• WHAT YOU WILL DO: Pictures in the listing do not belong in the copy, which should repeat exactly the lines from the one holding "EFL League One" through the last line.

• STORED DATA:
Start of Block

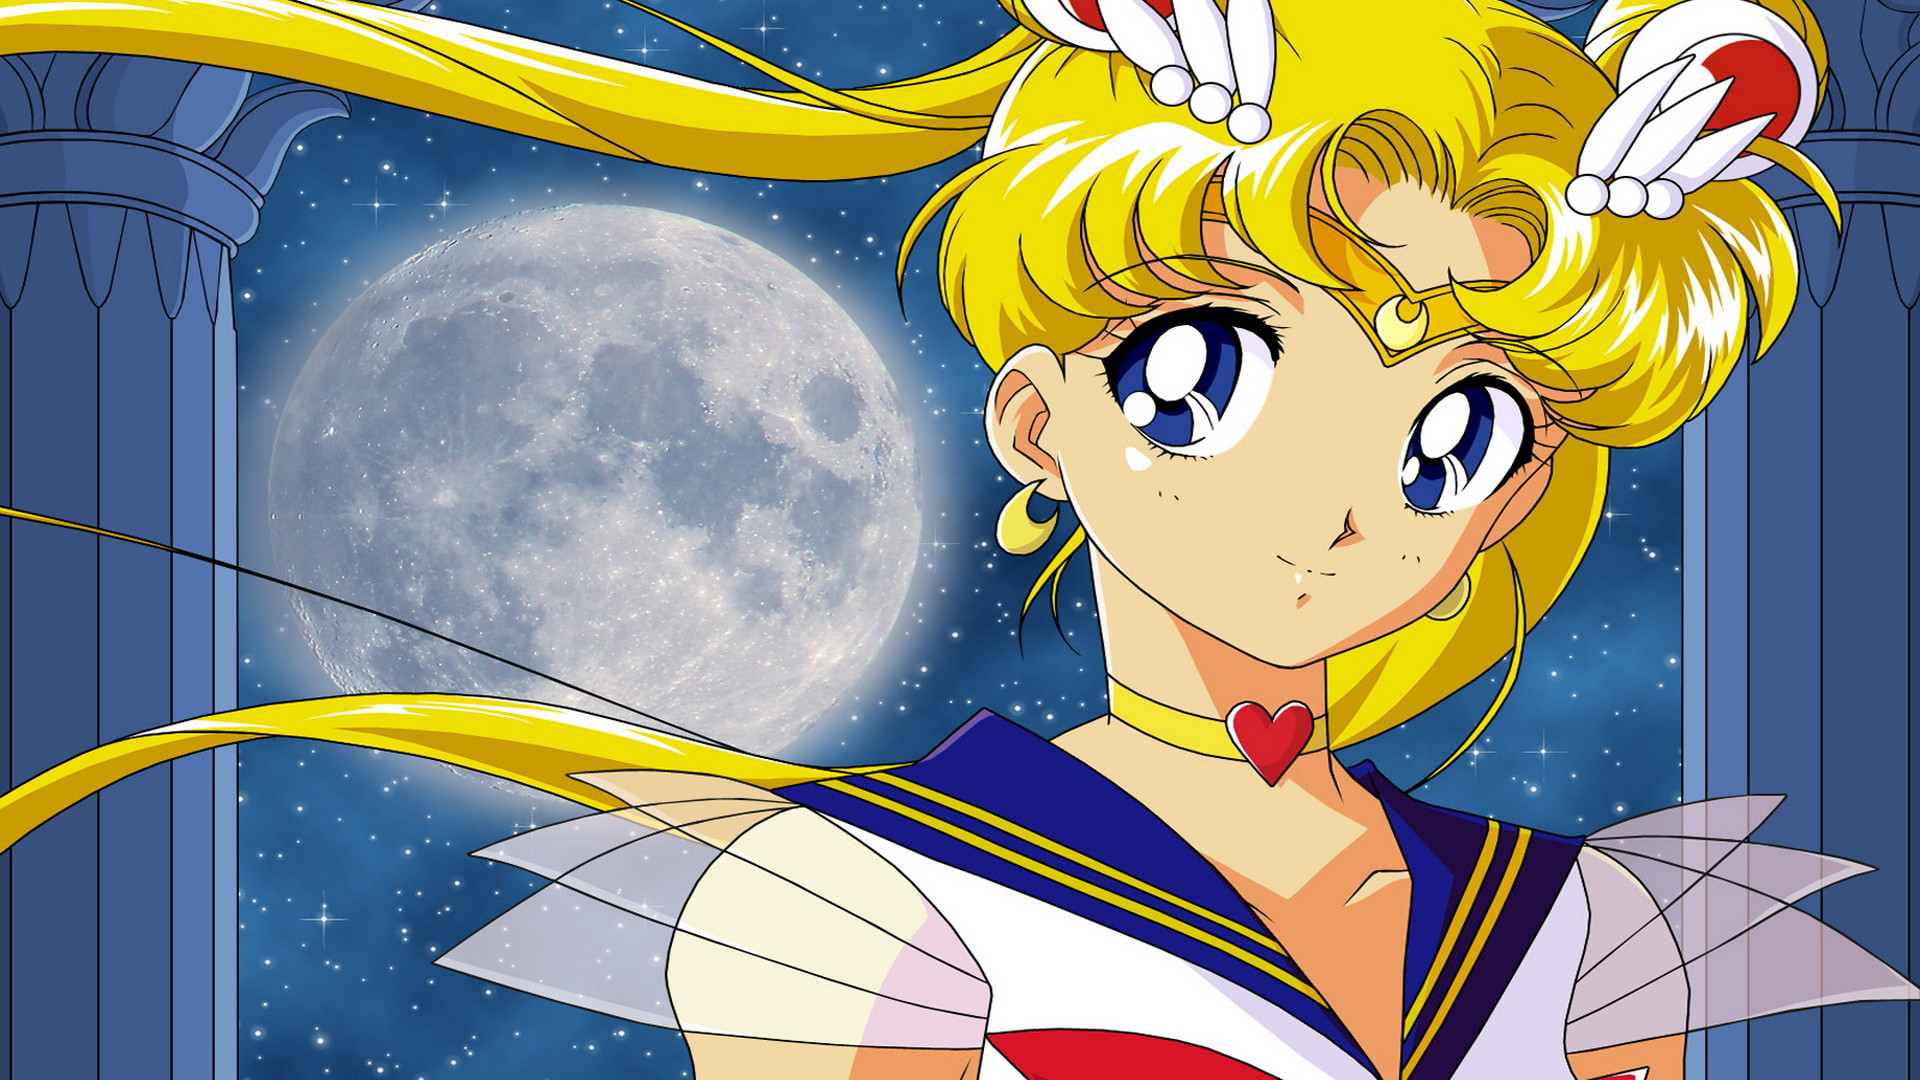 Anime Cute Sailor Moon Wallpaper Background Image
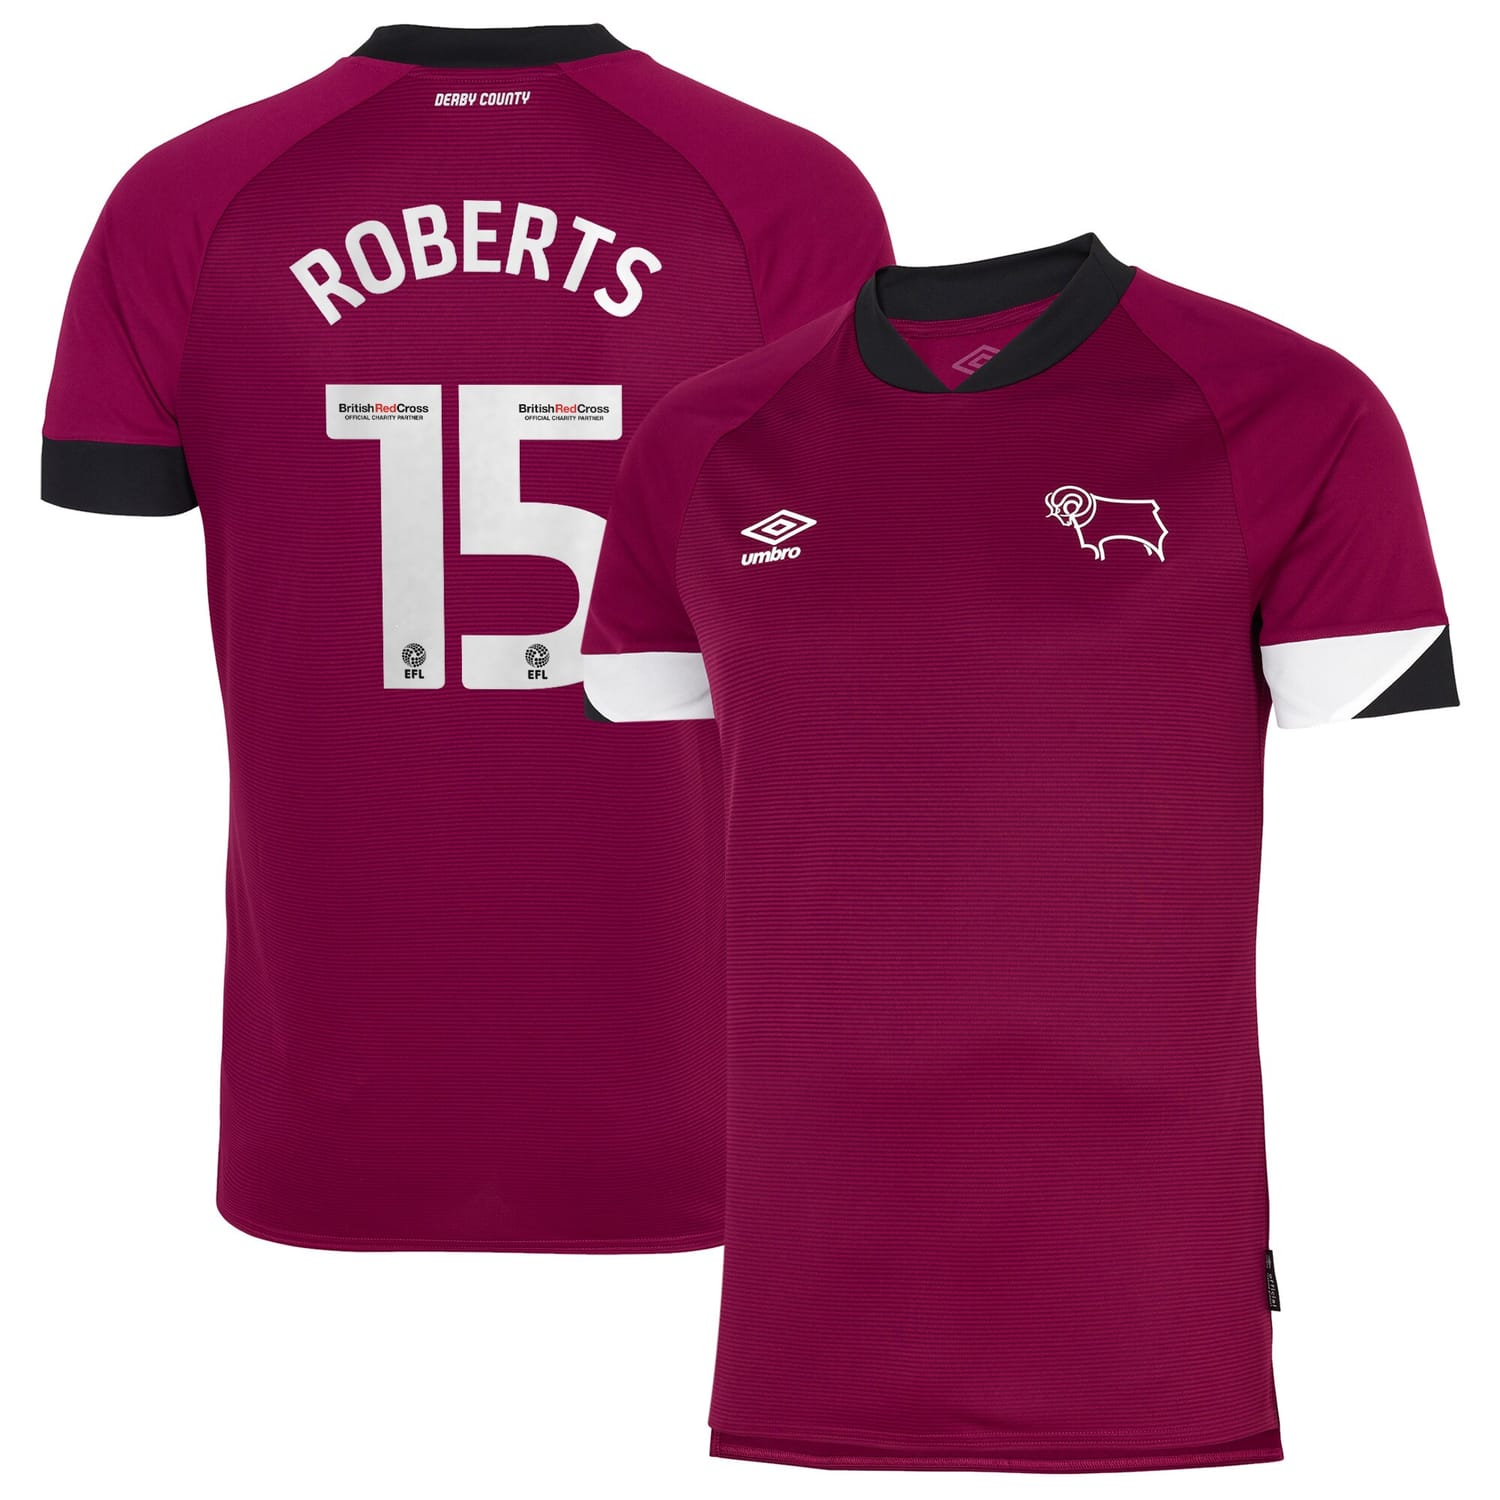 EFL League One Derby County Third Jersey Shirt 2022-23 player Roberts 15 printing for Men
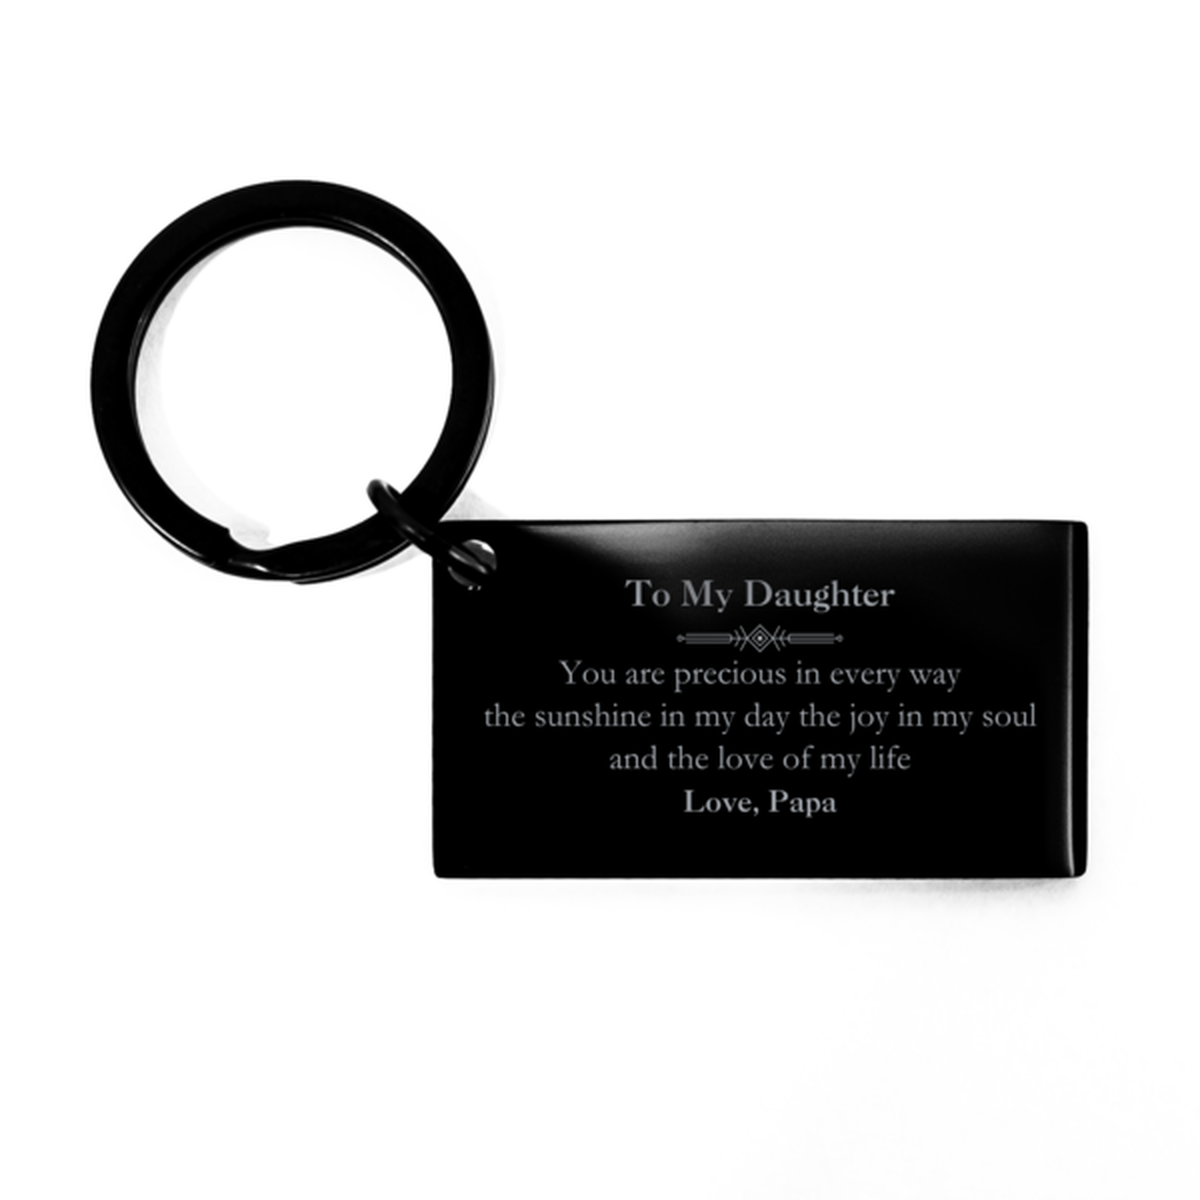 Graduation Gifts for Daughter Keychain Present from Papa, Christmas Daughter Birthday Gifts Daughter You are precious in every way the sunshine in my day. Love, Papa

End of Block

• TASK SOLUTION:
 EFL League One Derby County Third Jersey Shirt 2022-23 player Roberts 15 printing for Men
 Graduation Gifts for Daughter Keychain Present from Papa, Christmas Daughter Birthday Gifts Daughter You are precious in every way the sunshine in my day. Love, Papa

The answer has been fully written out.